Since 2016, five no-poaching and wage-fixing agreements charged under the Sherman Act have been dismissed by three juries, one court at the close of the government’s trial case, and by the DOJ. (See Table.)
During the ABA National Institute on White Collar Crime in San Francisco on March 6, 2024, Director of Criminal Enforcement Emma Burnham confirmed that the Antitrust Division remains focused on criminal enforcement on labor market issues, including no-poach agreements.
Antitrust Division leaders continue to confirm their intent to bring criminal investigations and prosecutions involving labor markets. In December, the Principal Deputy Assistant Attorney General in the Antitrust Division confirmed to the Women’s White Collar Defense Association, “We look forward to charging more no-poach and wage-fixing cases”

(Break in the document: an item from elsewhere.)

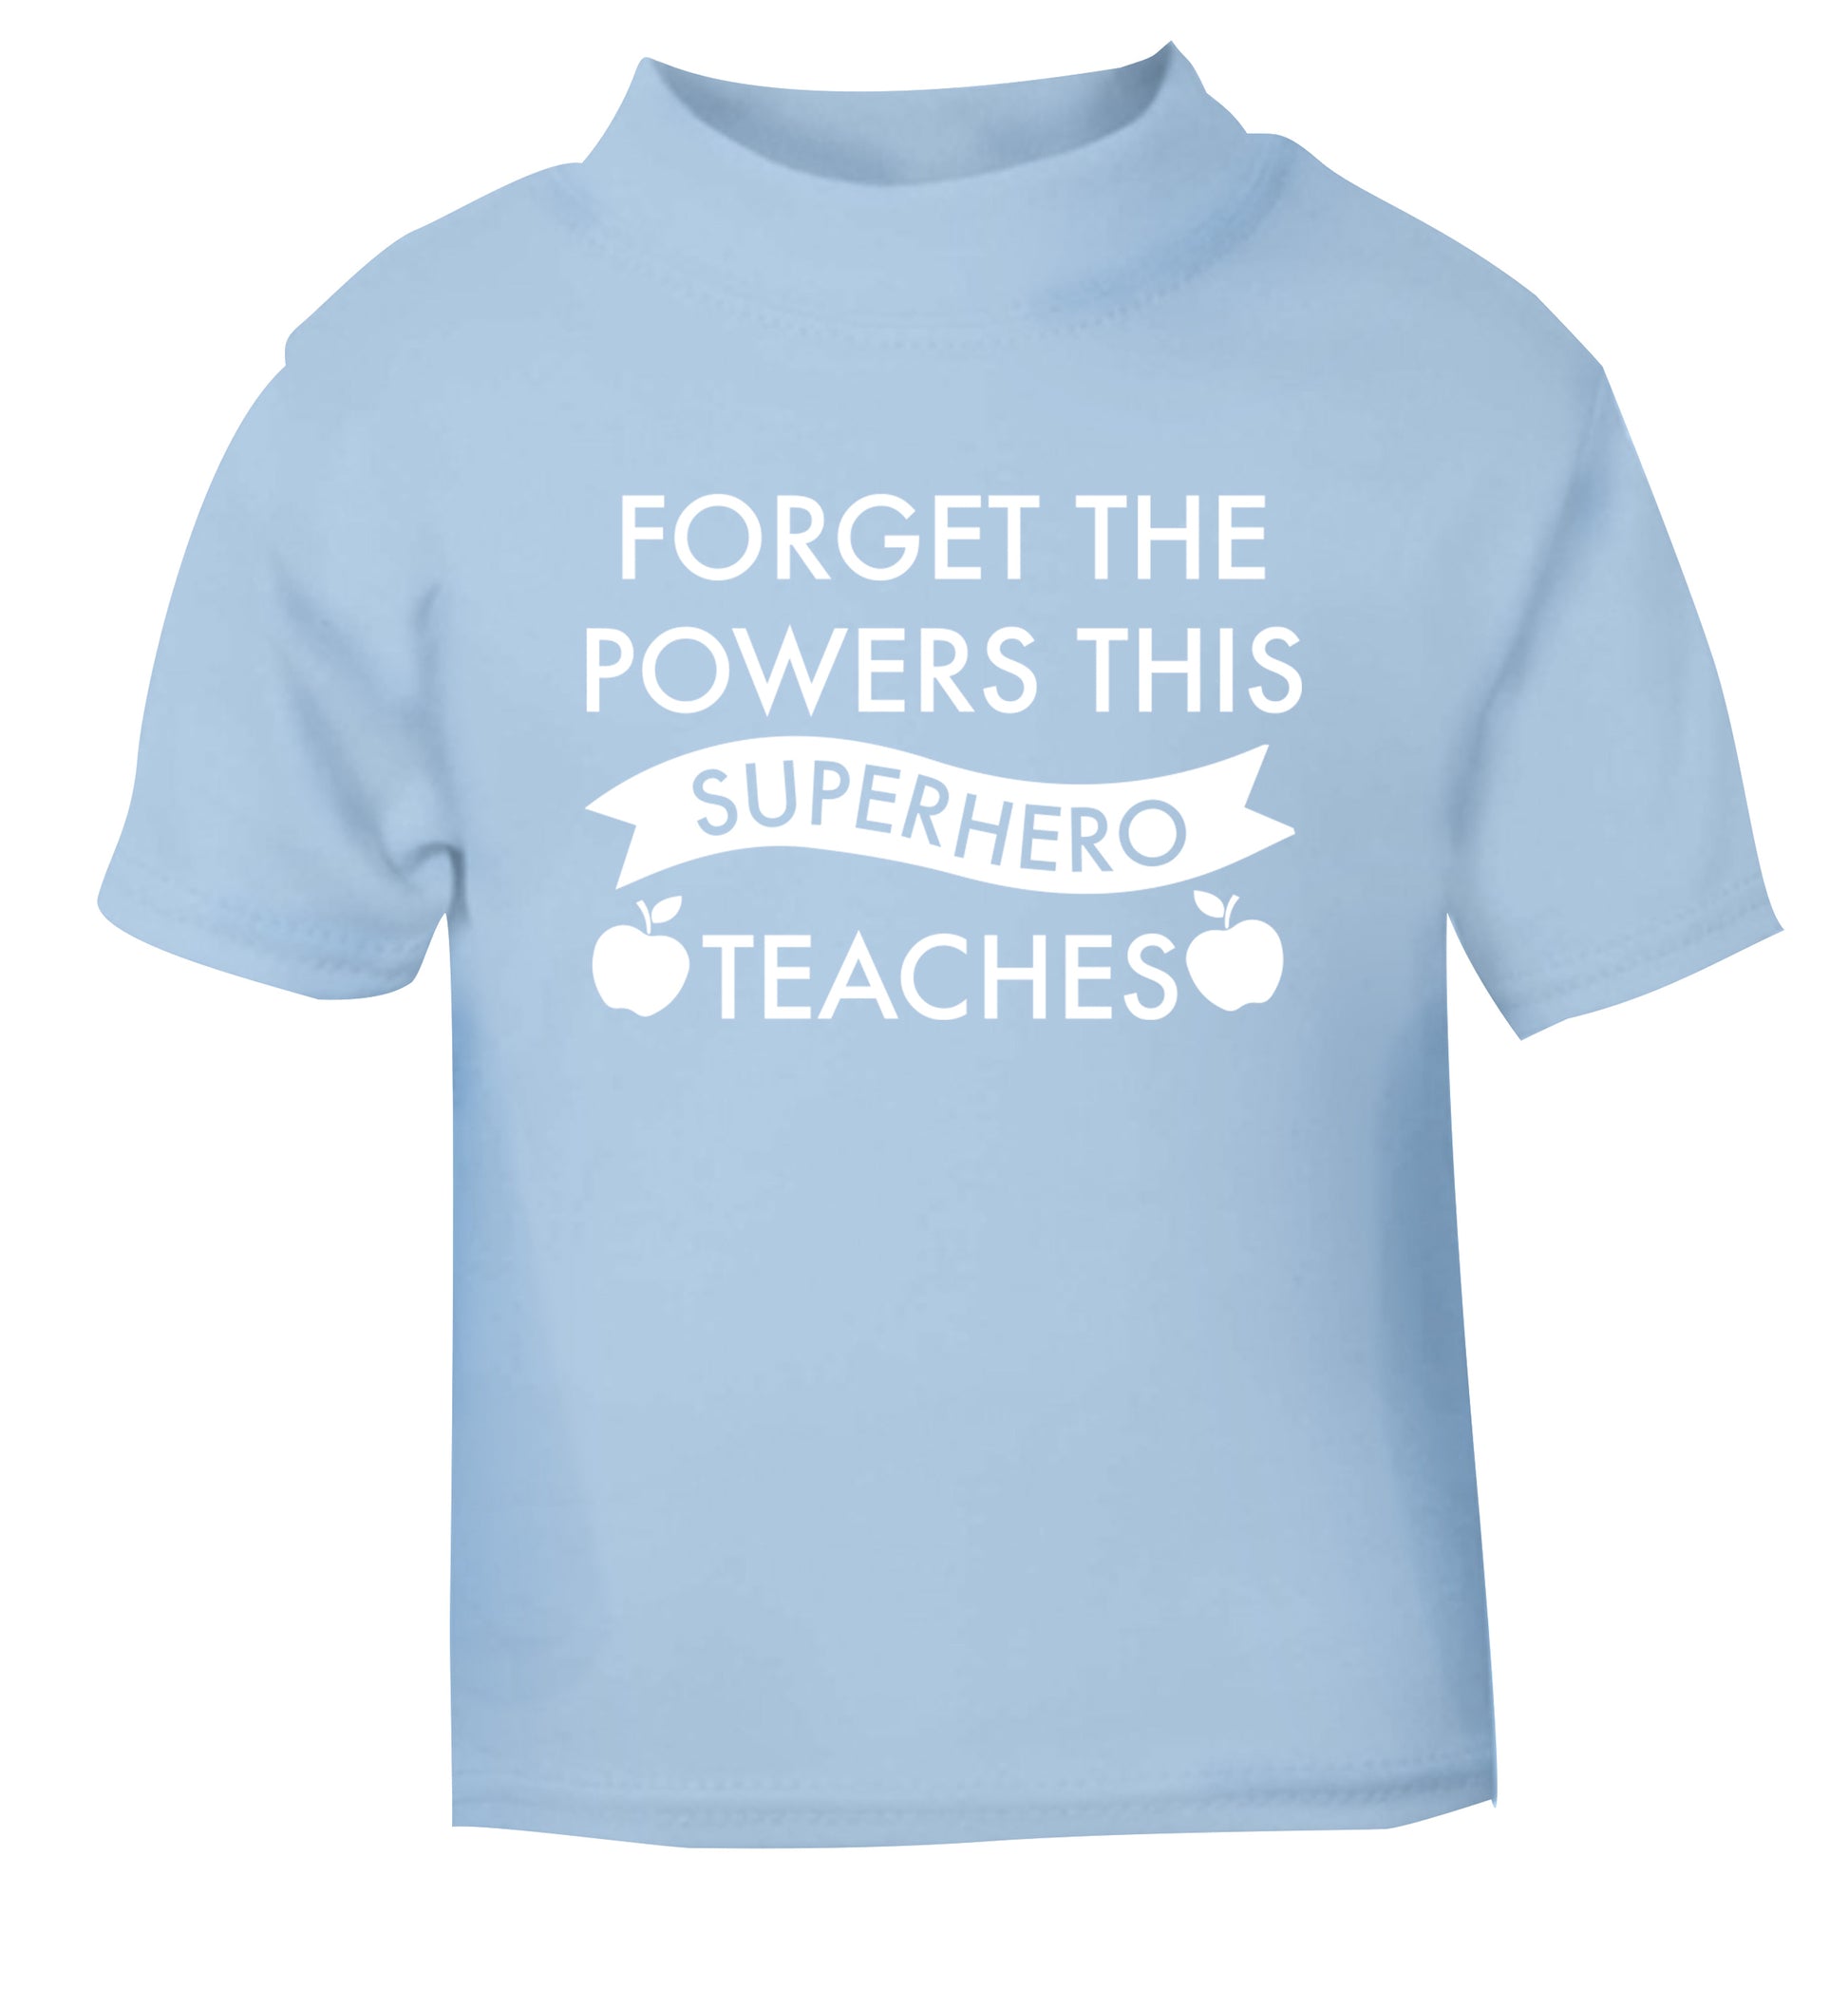 Forget the powers this superhero teaches light blue Baby Toddler Tshirt 2 Years

The sole conviction in a no-poach case to date came from a plea agreement with a health care staffing company for a relatively low criminal fine of $62,000 and restitution of $72,000. The fine and restitution were a fraction of the litigation costs that would have resulted had the case proceeded to trial. Of note, the plea agreement was reached after two motions to dismiss the indictment were filed based on alleged government misconduct and the district court set an evidentiary hearing with witnesses. The parties then asked the court to continue the hearing and negotiated a resolution. In the same case, an individual entered into a pretrial diversion agreement—understood to be the first one for the Antitrust Division—and the indictment was dismissed upon the prompt completion of community service.

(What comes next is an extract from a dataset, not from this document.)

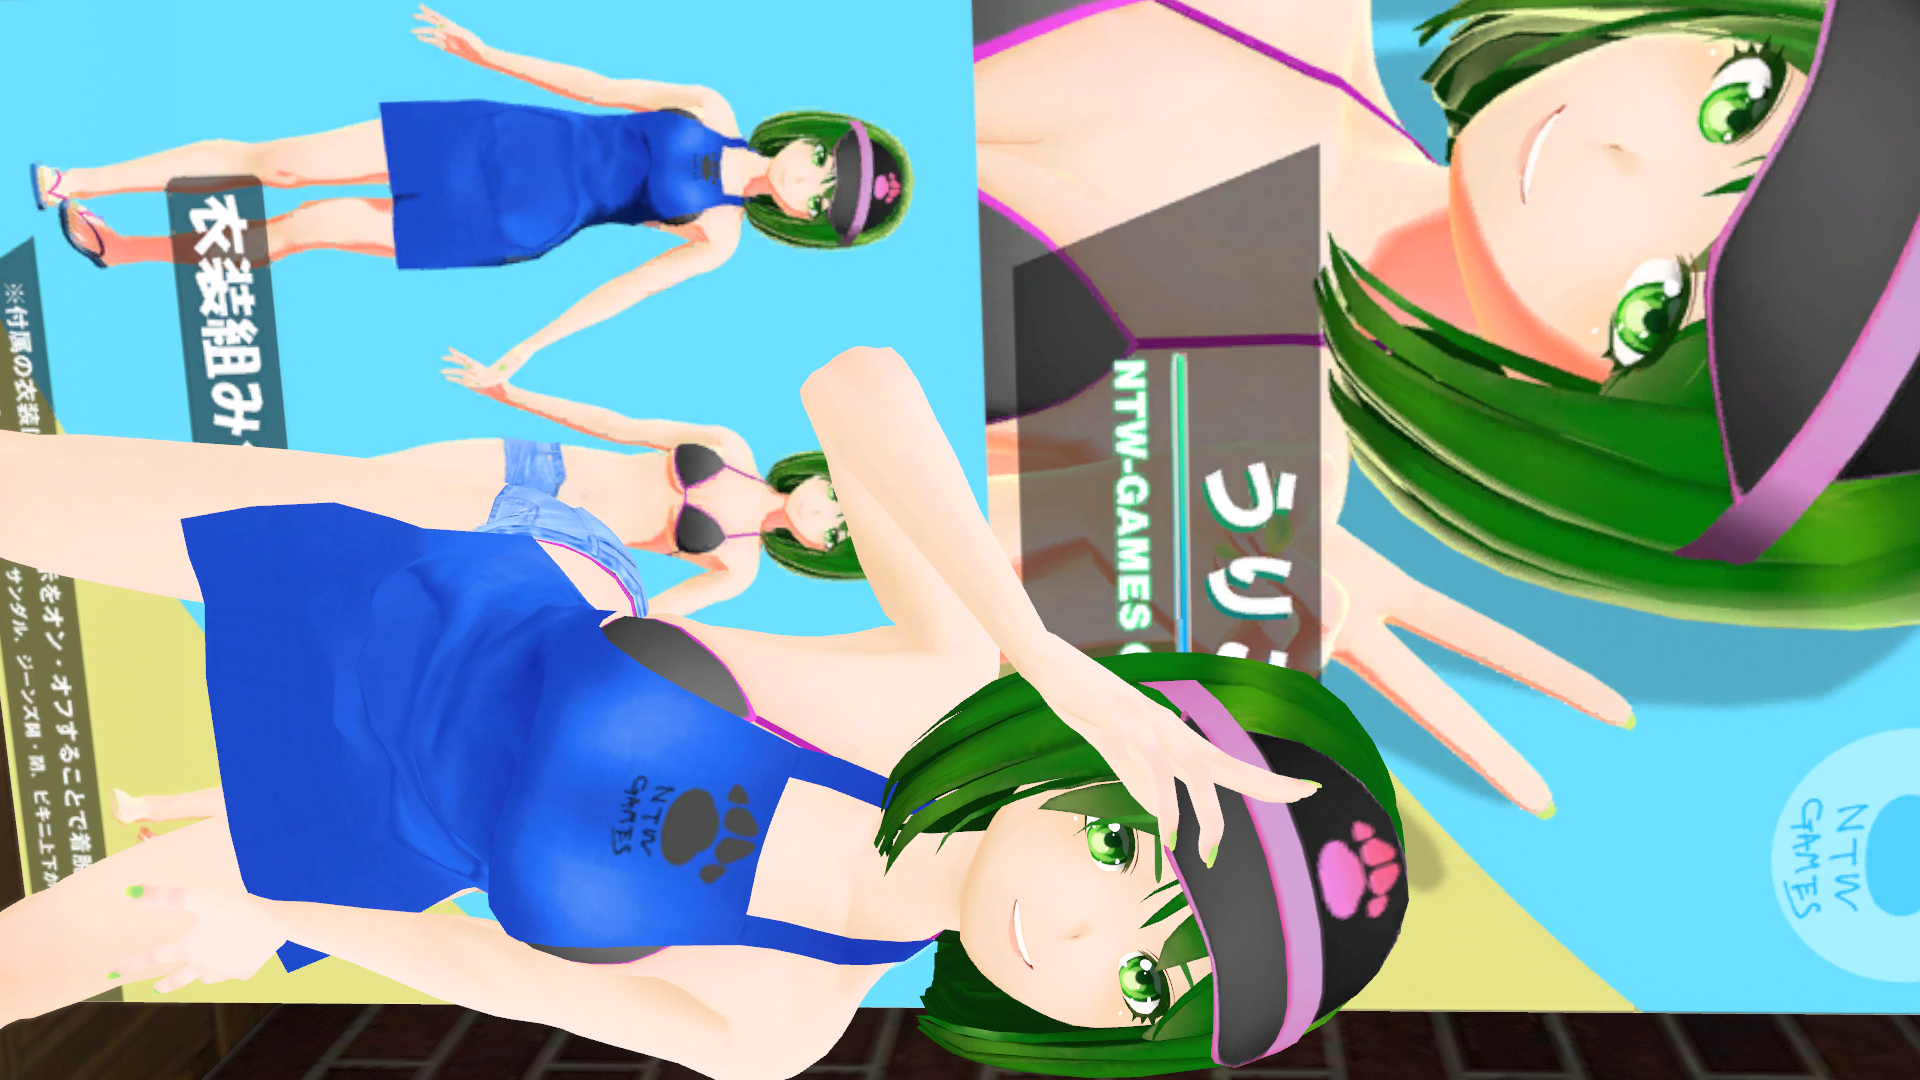 VRChat_1920x1080_2021-12-05_05-06-22.428.png

In continuing developments on no poach issues, on March 18, 2024, the U.S. Supreme Court denied certiorari review on a case asking whether per se analysis or the rule of reason should apply to intrabrand restraints and to no-hire agreements. As the questions were presented, “(1) Whether intrabrand hiring restraints are presumptively subject to per se Sherman Act analysis whenever they have a horizontal component; and (2) whether courts assessing a restraint under the Sherman Act must ignore procompetitive effects in related markets.” The case returns for further proceedings to the Seventh Circuit and district court.